16 days ago
Issue Description:
Our Django 4.2.23 application with ASGI/WebSocket support is experiencing 502 "Application failed to respond" errors on Railway deployment, despite successful builds.
Error Details:
- HTTP 502 responses on all endpoints (including /api/health/ and /admin/)
- Error message: "Application failed to respond"
- Application builds successfully but fails to respond to requests
- Railway edge reports x-railway-fallback: true
Configuration:
- Python 3.11.13 (runtime.txt specified)
- Django 4.2.23 with Channels for WebSocket support
- Daphne ASGI server for production
- PostgreSQL database (Railway provided)
- Redis instance (Railway provided)
Current Procfile:
web: start_production.sh release: python manage.py migrate --noinput
Production Start Script:
Our start_production.sh includes:
- Static file collection
- Database connection testing
- Environment validation
- Daphne server startup with: daphne -b 0.0.0.0 -p $PORT lune_backend.asgi:application
Troubleshooting Attempted:
1. Verified local Docker container works correctly
2. Confirmed health endpoints respond with proper X-Forwarded-Proto headers
3. Tested both Procfile approaches:
- Direct: web: daphne -b 0.0.0.0 -p $PORT lune_backend.asgi:application
- Script-based: web: ./scripts/start_production.sh
4. Verified script permissions and execution
5. Confirmed environment variables are set correctly
6. Database migrations complete successfully in release phase
Questions:
1. Are there specific requirements for Django ASGI applications on Railway?
2. Should we use a different ASGI server (uvicorn vs daphne)?
3. Are there Railway-specific port binding or network requirements?

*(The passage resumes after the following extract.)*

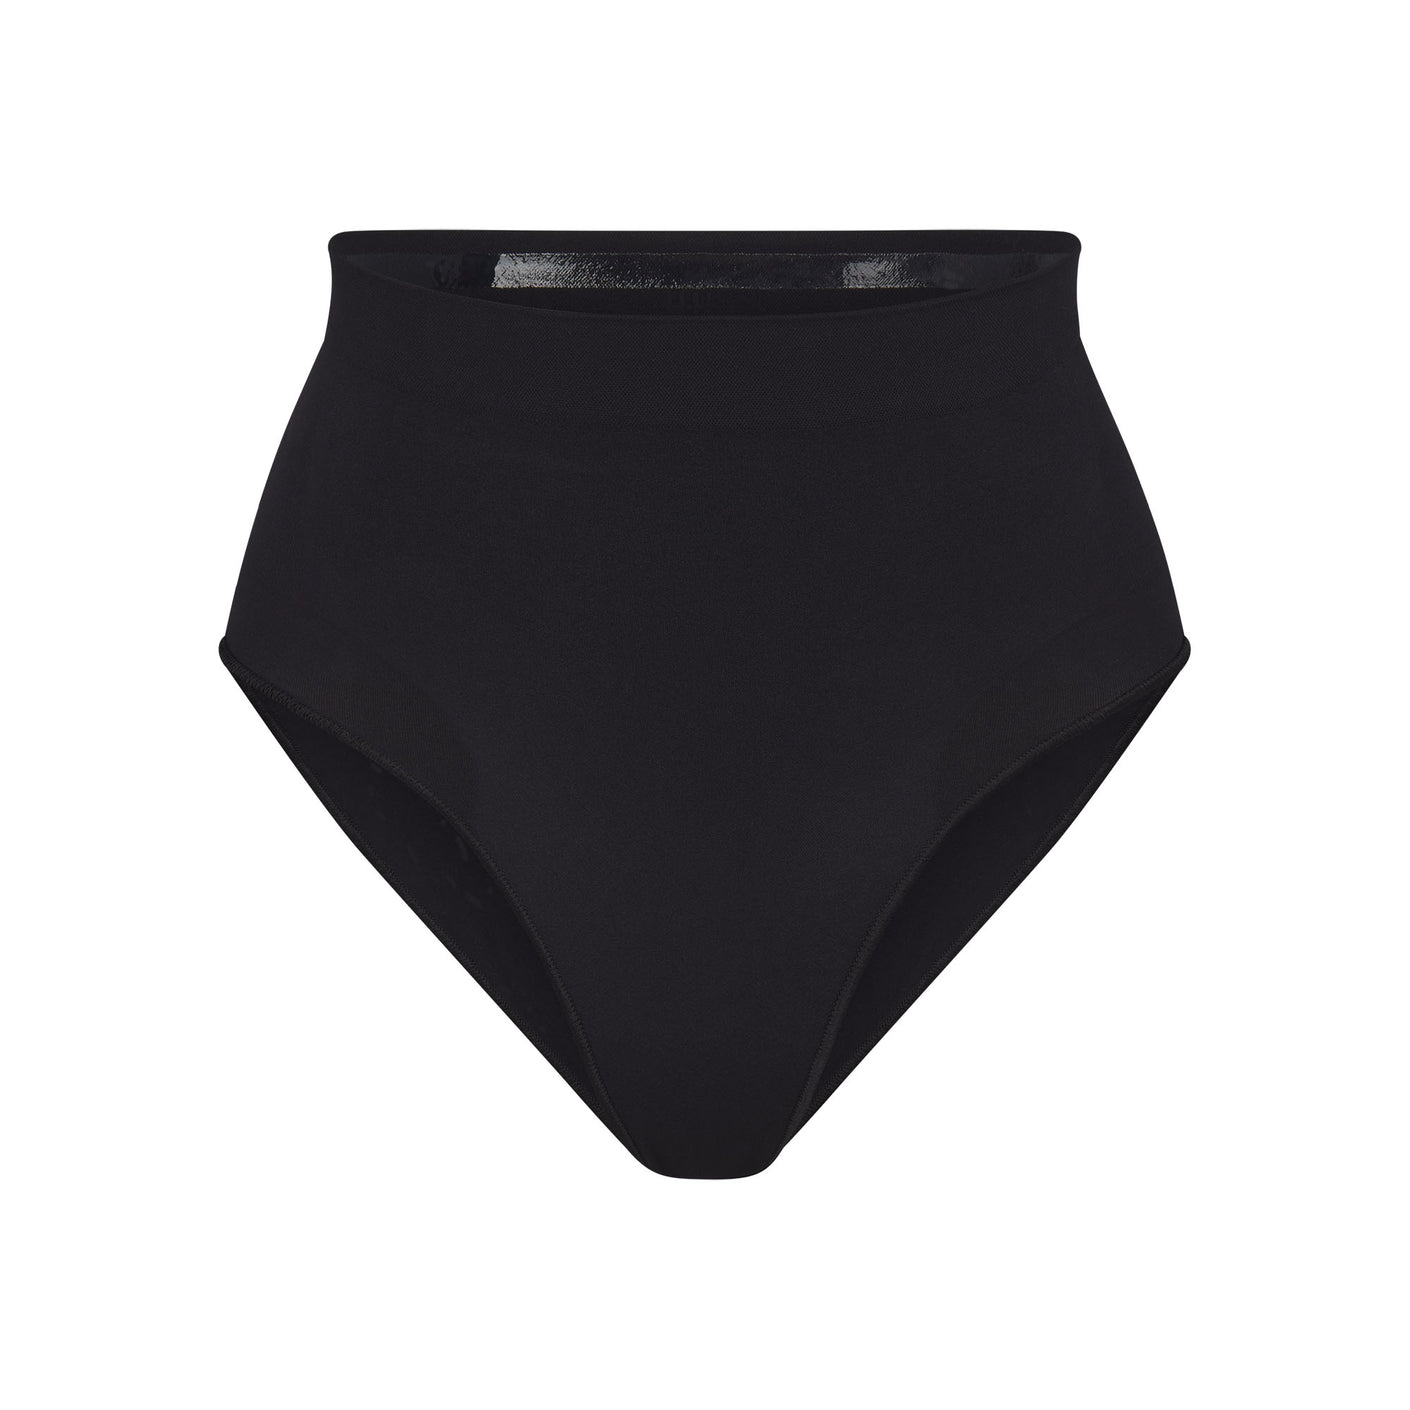 The exhaustive guide to underwear that will sculpt and smooth

4. How can we access deployment logs to debug the 502 errors?
5. Are there known issues with Django Channels + Railway deployment?
Repository:
https://github.com/2Lune/2lune-backend (private - can provide access if needed)
Expected Behavior:
Application should respond to HTTP requests and serve the Django admin panel and API endpoints.
Additional Context:
- Application includes WebSocket support via Django Channels
- Uses Redis for caching and channel layers
- Requires HTTPS in production (configured correctly)

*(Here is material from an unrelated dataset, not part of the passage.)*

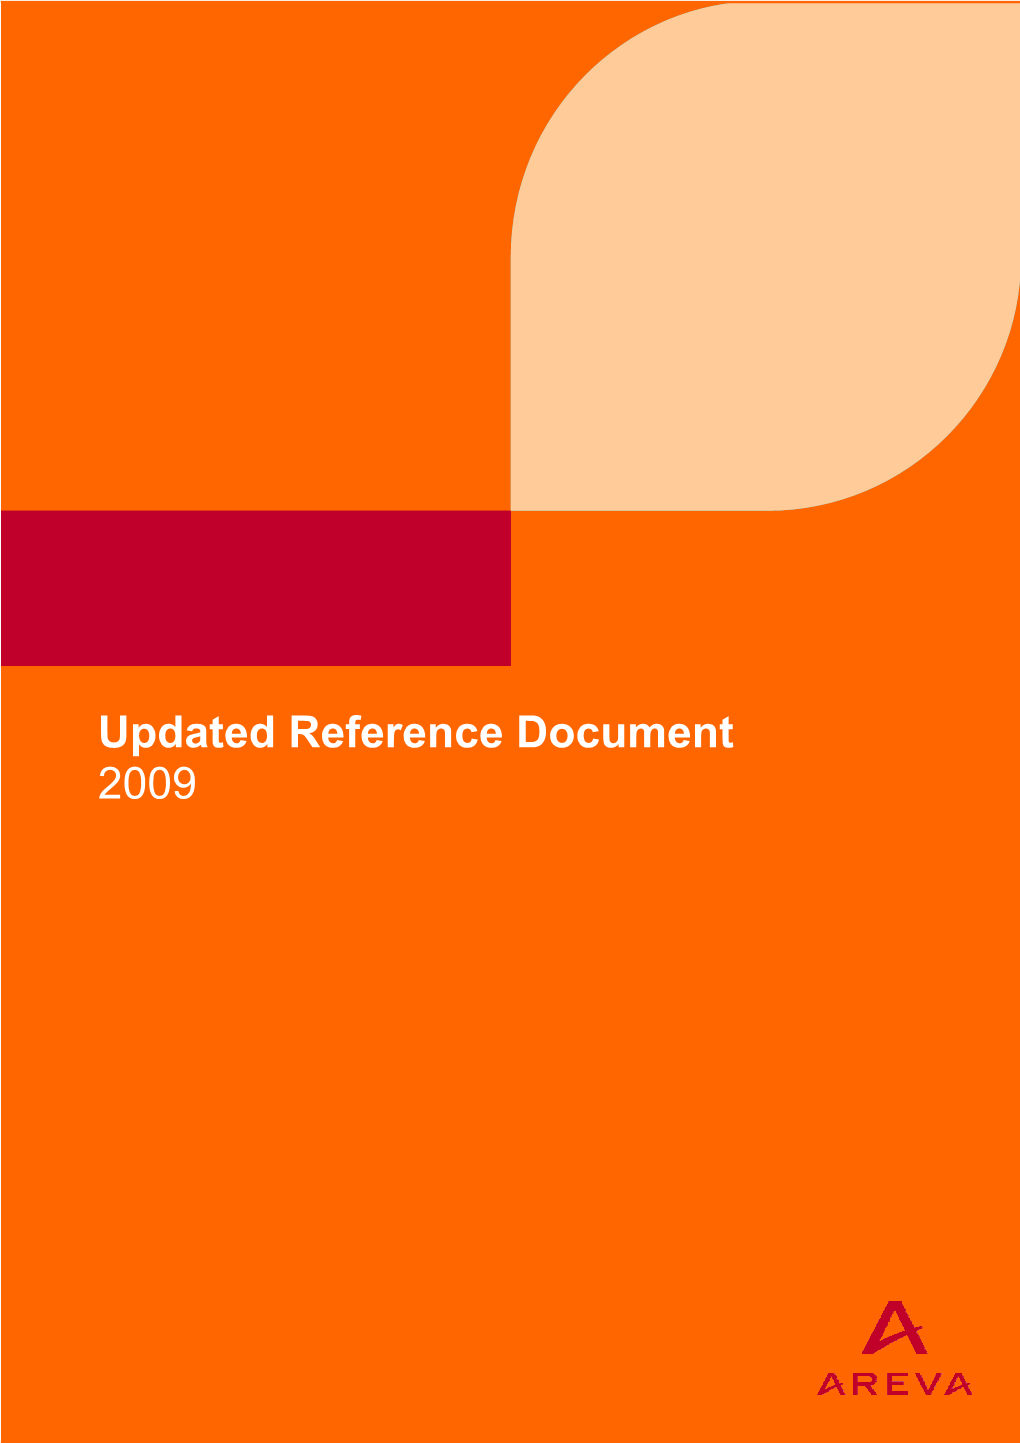 Updated Reference Document 2009

- Includes custom health check middleware for Railway
Railway.toml:
```
# railway.toml
[build]
builder = "Dockerfile"
[deploy]
# Use minimal production startup script (no DB migrations or roles needed)
startCommand = "./scripts/start_production.sh"
[healthcheck]
path = "/api/health/"
interval = 15
timeout = 20
retries = 8
# Custom middleware handles Railway's internal health checks
startPeriod = 30
```
Dockerfile:
# Health check to ensure the application is running
HEALTHCHECK --interval=30s --timeout=10s --start-period=5s --retries=3 \
CMD curl -f http://localhost:$PORT/api/health/ || exit 1
# Run the application with our production startup script
CMD ["./scripts/start_production.sh"]
2 Replies
16 days ago
Hey there! We've found the following might help you get unblocked faster:
If you find the answer from one of these, please let us know by solving the thread!
15 days ago
Could you please share your Railway deployment logs?
In the meantime, a quick thing to try: simplify your Procfile to run Daphne (or even Uvicorn) directly like this:
web: daphne -b 0.0.0.0 -p $PORT lune_backend.asgi:application
This helps rule out problems in your startup script. Also, double-check your Redis env vars and try increasing the startPeriod
in your railway.toml
to 60 seconds to give your app more time to start before health checks kick in.